### [The task]
Nothing but the lines from the one with "Women's 925 Sterling" through the end of the material should be retyped, word for word and without pictures.

### [Material provided]
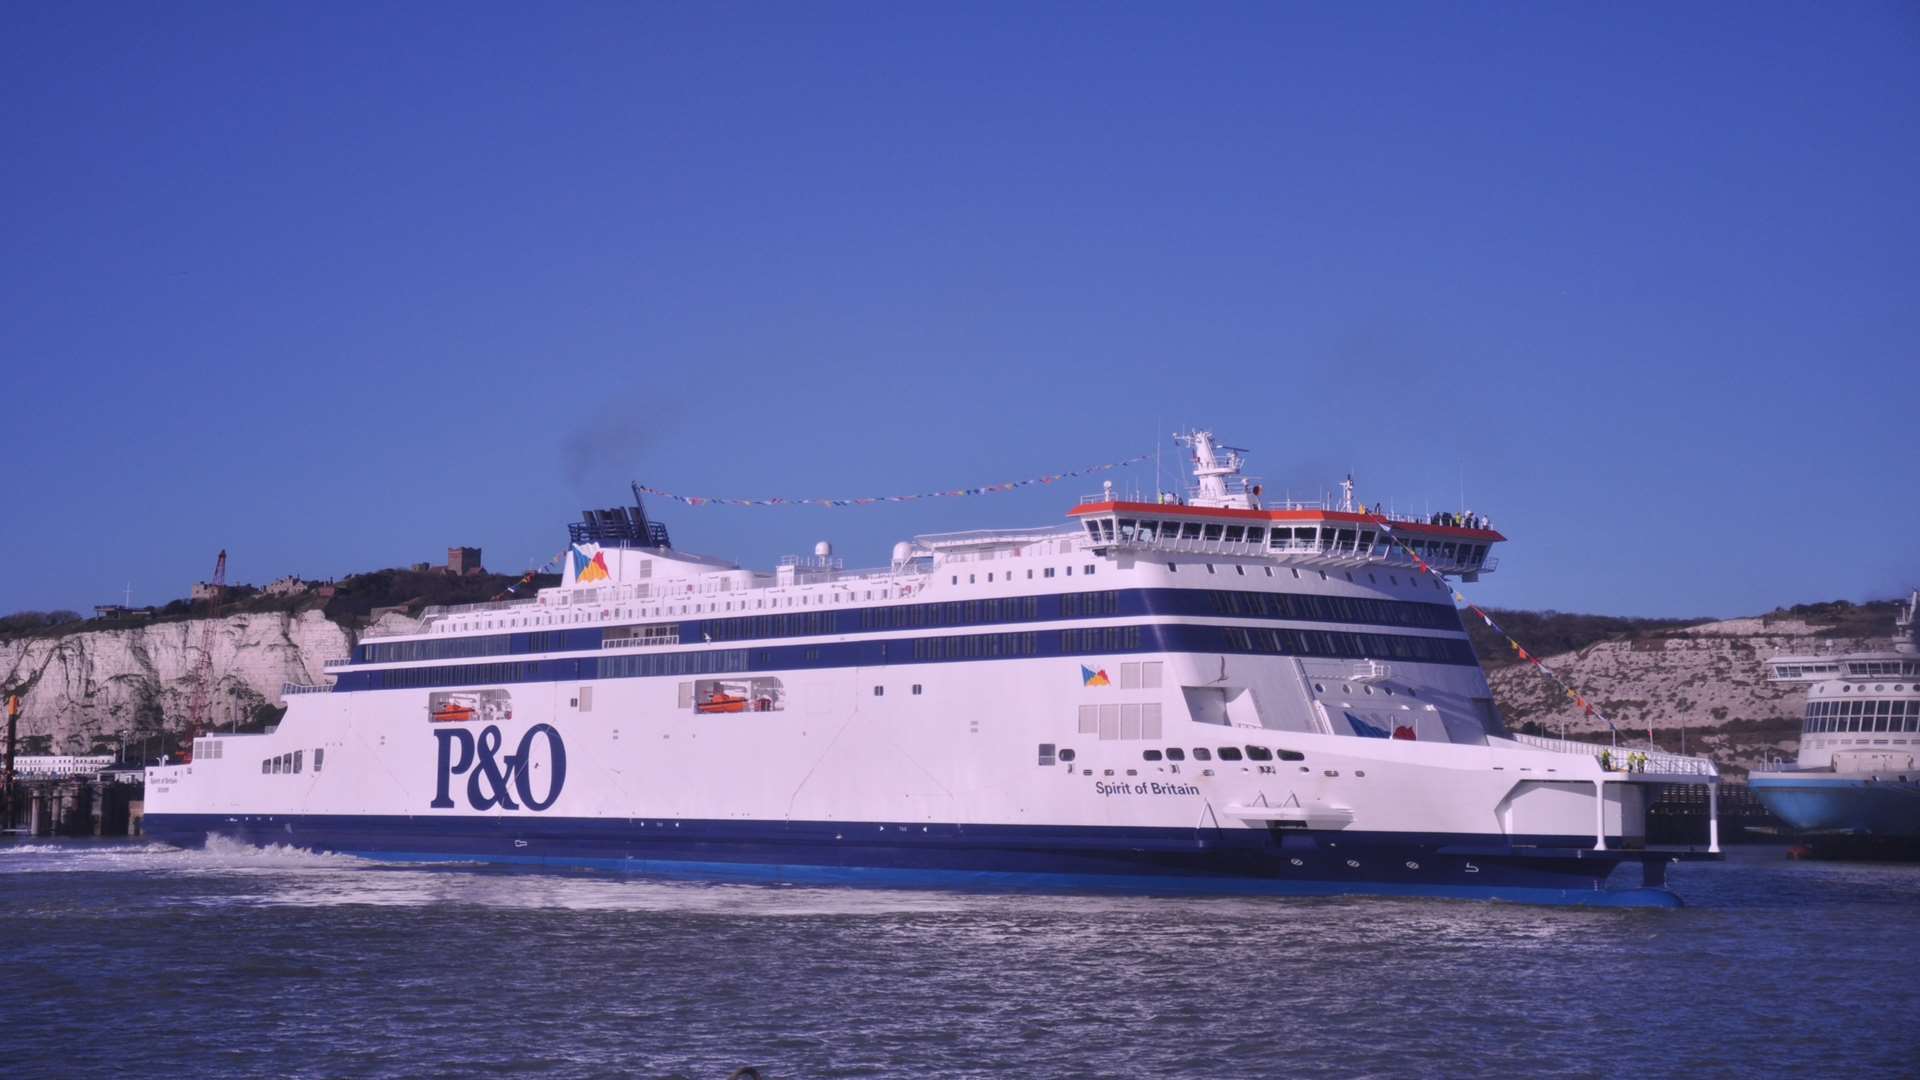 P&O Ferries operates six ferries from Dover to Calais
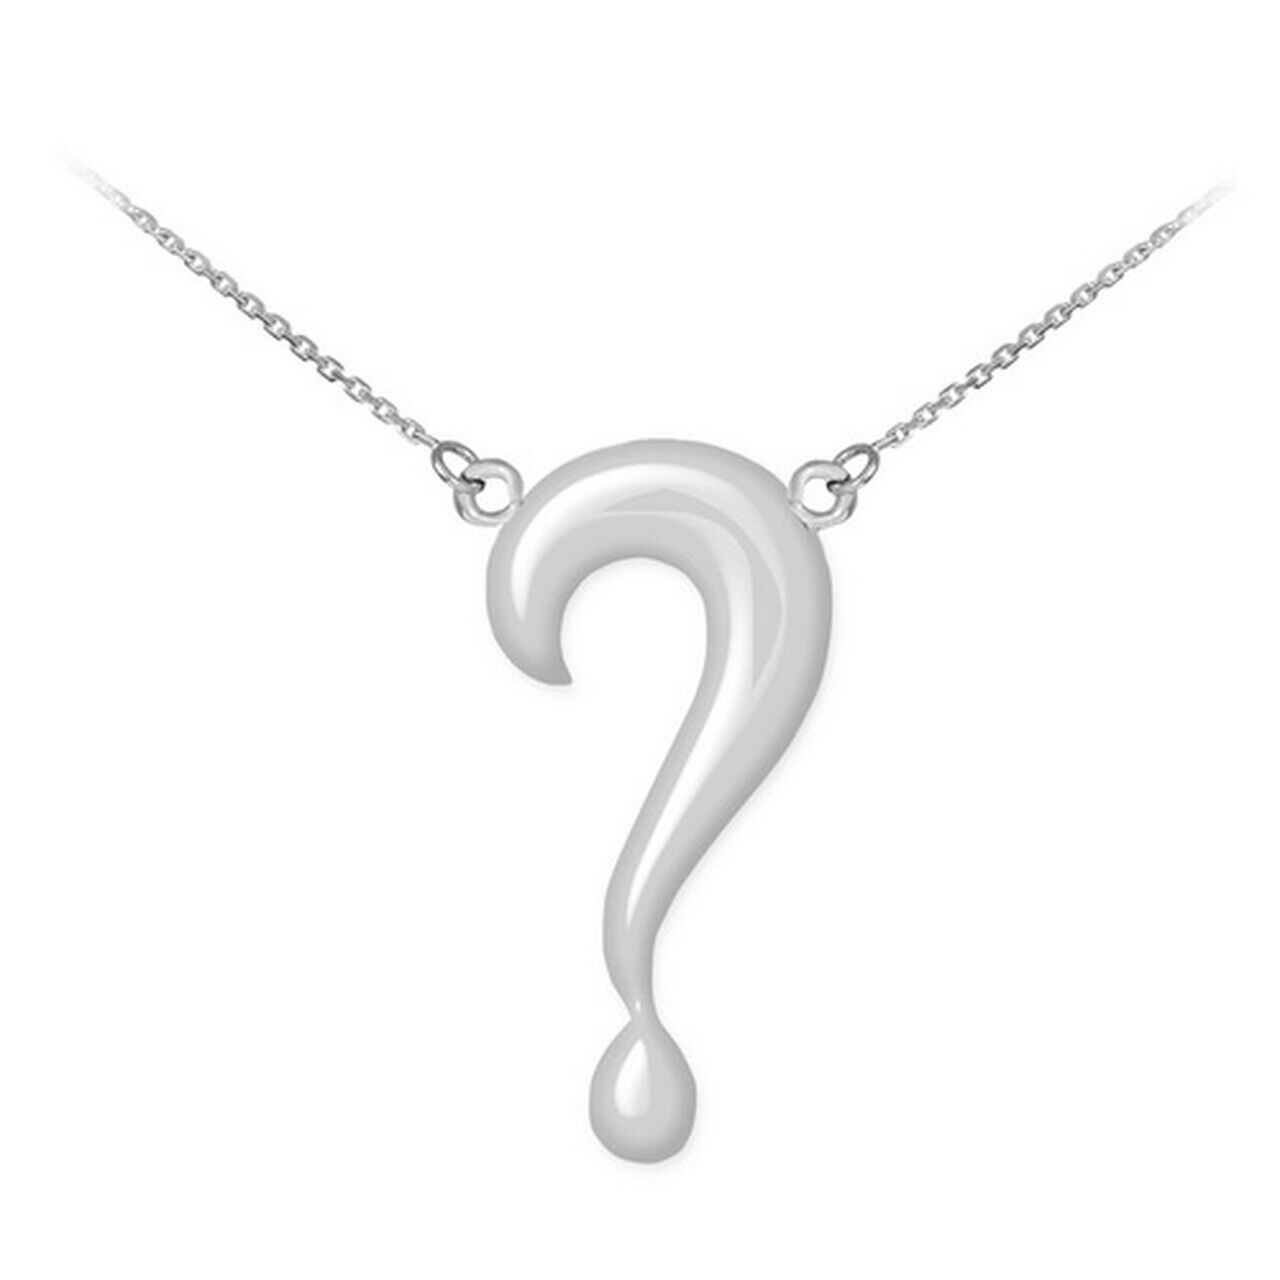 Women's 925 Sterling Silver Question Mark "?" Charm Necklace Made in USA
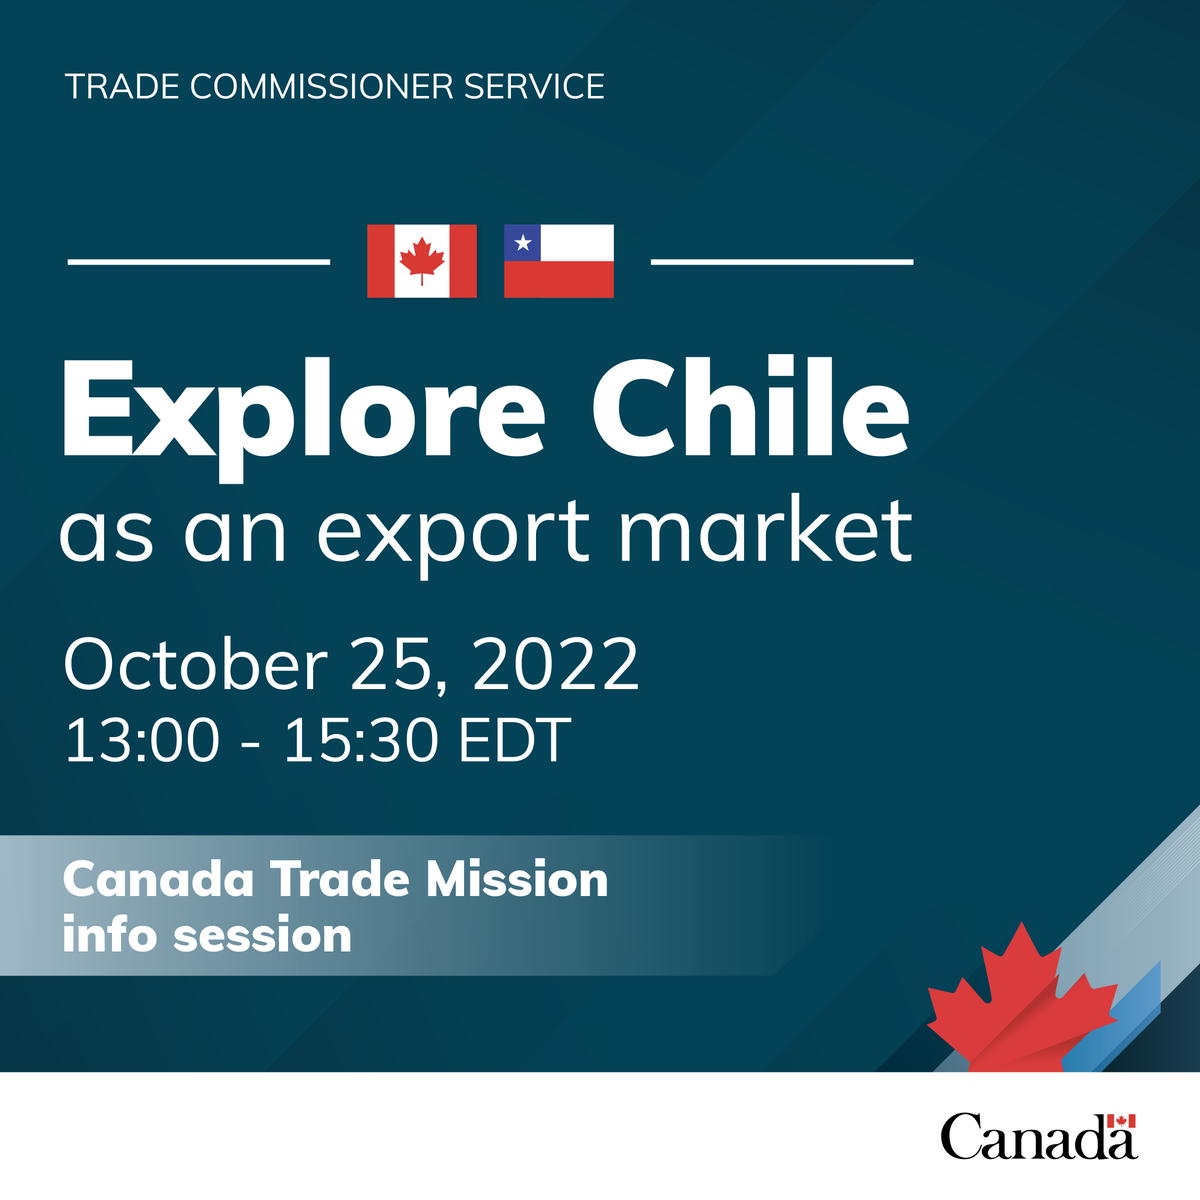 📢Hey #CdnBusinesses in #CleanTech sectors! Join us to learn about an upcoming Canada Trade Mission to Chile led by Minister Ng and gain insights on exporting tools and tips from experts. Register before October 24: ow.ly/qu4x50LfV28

### [Response box]
 Women's 925 Sterling Silver Question Mark "?" Charm Necklace Made in USA
 📢Hey #CdnBusinesses in #CleanTech sectors! Join us to learn about an upcoming Canada Trade Mission to Chile led by Minister Ng and gain insights on exporting tools and tips from experts. Register before October 24: ow.ly/qu4x50LfV28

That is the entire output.